C’était le 15 octobre 2007, au bureau d’études en architecture. Gwen m’avait posé un lapin pour le concert de Mika à Montpellier, gastro soi-disant. Déçue, je traîne jusqu’à 15h. Mon cœur cogne un peu quand je m’approche de François. ‘François, Gwen est KO. Tu m’accompagnes ?’ Il bafouille un ‘OK’. L’hésitation me noue le ventre. Lui, ce collègue sympa, un peu plus âgé, en moto italienne. Tout le monde chambrera, mais fuck, j’ai besoin de cette soirée.
Dans la 106 étroite, CD de Mika en boucle. Je conduis, excitée malgré la déception. Il mate mes cuisses, ma poitrine. Je le sens, ses yeux qui glissent. Fast-food rapide, puis file d’attente au Zénith. Chaleur étouffante dans la fosse. Yelle ouvre, nul. On boit une bière cachés. Son regard plonge dans mon décolleté. Vallée sans fin, mes seins lourds comme chez Russ Meyer. Il bande déjà, je souris, joue le jeu.
L’hésitation au bureau avant le grand saut
Il fait un four. Il vire tee-shirt, cuir direct sur la peau. ‘J’aimerais bien faire pareil’, je lance, pétillante. ‘Ne te gêne pas.’ Je plaque ma veste, enlève le pull. Caraco sexy, bretelles fines tendues sur mon soutif. Visage rouge, je remets la veste. ‘C’est mieux !’ Il mate, scotché. ‘Fixation sur mes obus ?’ Je les balance. Concert démarre. Foule hystérique. On saute, séparés. Il me retrouve, mains sur mes flancs. Big Girl joue. Je colle mon cul bombé sur sa bite dure. Il remonte, pince mes tétons raidis à travers le tissu. Frissons électriques. Je danse plus fort, son érection frotte entre mes fesses. Demi-tour : ‘Récré finie, je suis là pour le concert !’ Mais je souris, allumeuse.
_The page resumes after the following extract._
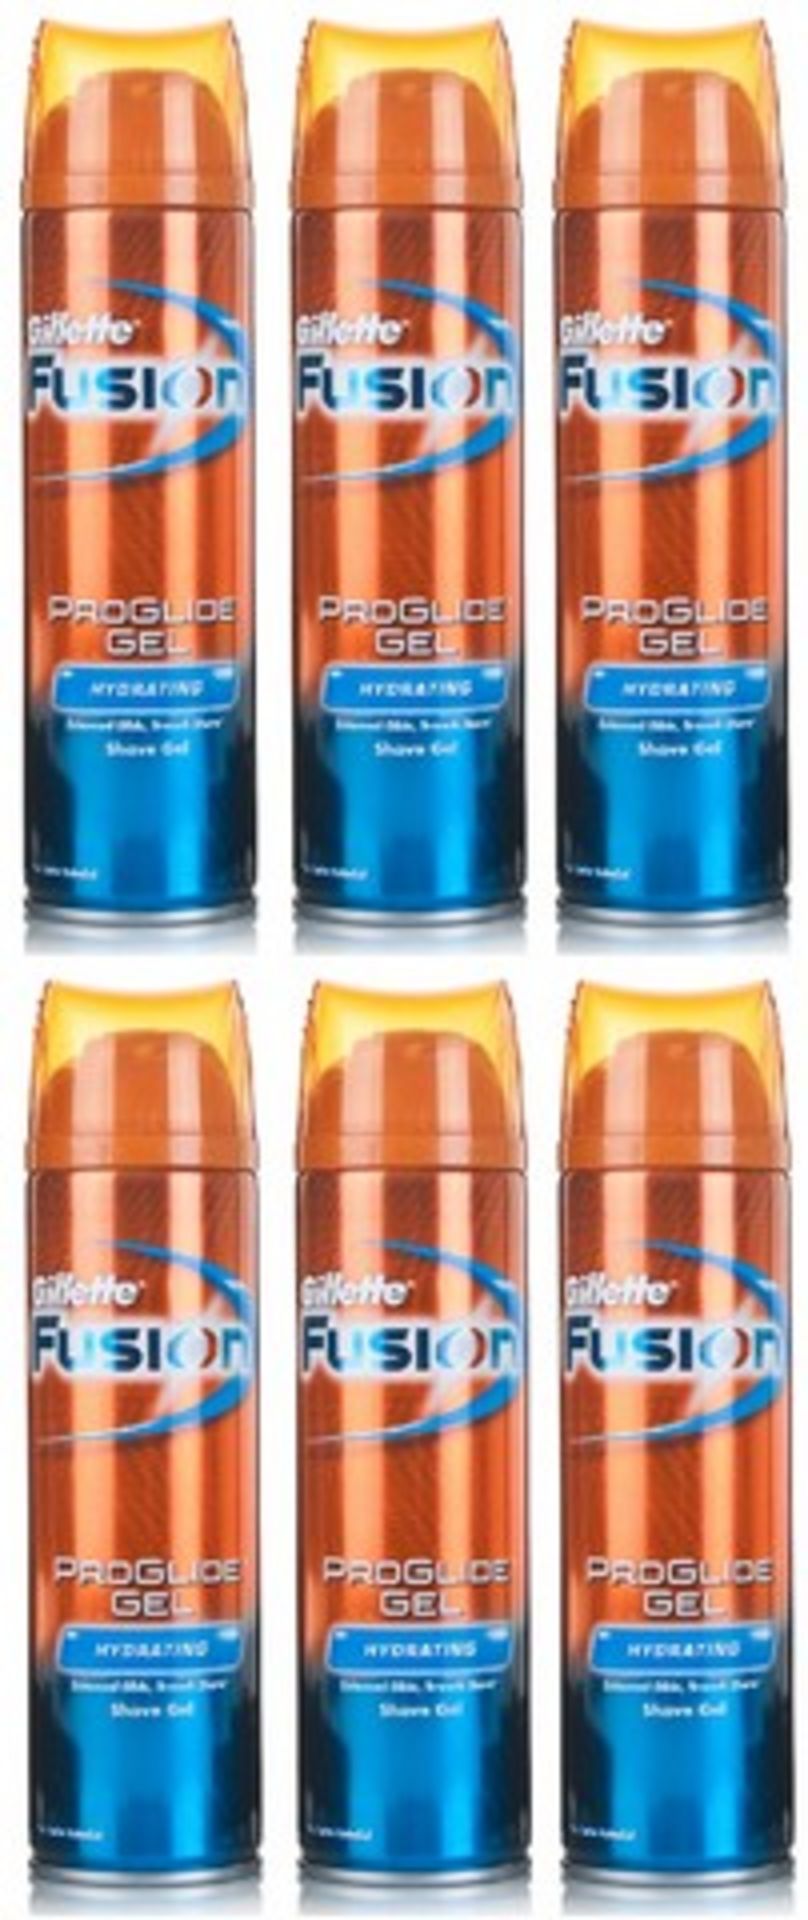 V Brand New A Lot of Six Gillette Fusion Shaving Gel 200ml - Hydrating Hydra Gel - Advanced Glide

Fin de show, sueur partout. Haut collé, soutif transparent. Baiser fougueux à la buvette. Langues affamées, cœurs qui cognent. ‘Enlève ça avant froid.’ Toilettes PMR. Je verrouille, vire veste, caraco. Soutif noir dentelle, tétons dressés. Il ouvre la bouche. ‘T’es trempée, risque la crève.’ Bras dans dos, je dégrafe. Nichons libres, galbe parfait, aréoles brunes larges. ‘Uniquement les yeux.’ Pull vite, on sort enlacés.
L’explosion des sens et la transformation
Route silencieuse. J’oublie l’autoroute, direction plage. Arrêt sous néons, pêche shop. Baisers voraces, buée partout. Je le chevauche, inconfortable. Rires aux ‘aïe frein à main’. Fou rire énorme. Hôtel cheap, 1h17. Torse nu dehors, froid piquant ma peau. Chambre : il me déshabille au fur et à mesure. Moi nue, chair de poule. ‘Sac dans voiture.’ Il y va en boxer, revient nu, érection molle par froid. Je l’envoie brosses, capotes. Il revient nu face au couple, bite ratatinée. Humiliation ? Non, adrénaline pure. Capotes perdues, il rampe, ils le taquinent. Retour, baiser chaud. Peau contre peau, langues partout. Je jouis sous sa bouche vorace sur mon fruit trempé, odeur musquée. Il gicle entre mes doigts.
Nouveau round. Capote enfilée, je monte. Lubrifiée, il glisse profond. Bassins synchro, gémissements. Je domine, ondule, orgasme fulgurant. Lui tient, capote anesthésie. Douche : je suce, langue sur gland sensible. ‘Et si je te bois ?’ Première pour moi, excitée. Il explose en bouche, j’avale tout, goût salé. Baiser après, nos jus mélangés.
Câlins, smacks. Dernière fellace mutuelle. Retour bureau, zombies. Gwen : ‘Quelle gastro ?’ Piège ? Secret brûlant en moi. Innocence basculée. Corps changé, désir éveillé. François, premier feu. Je garde ça, viscéral, à moi.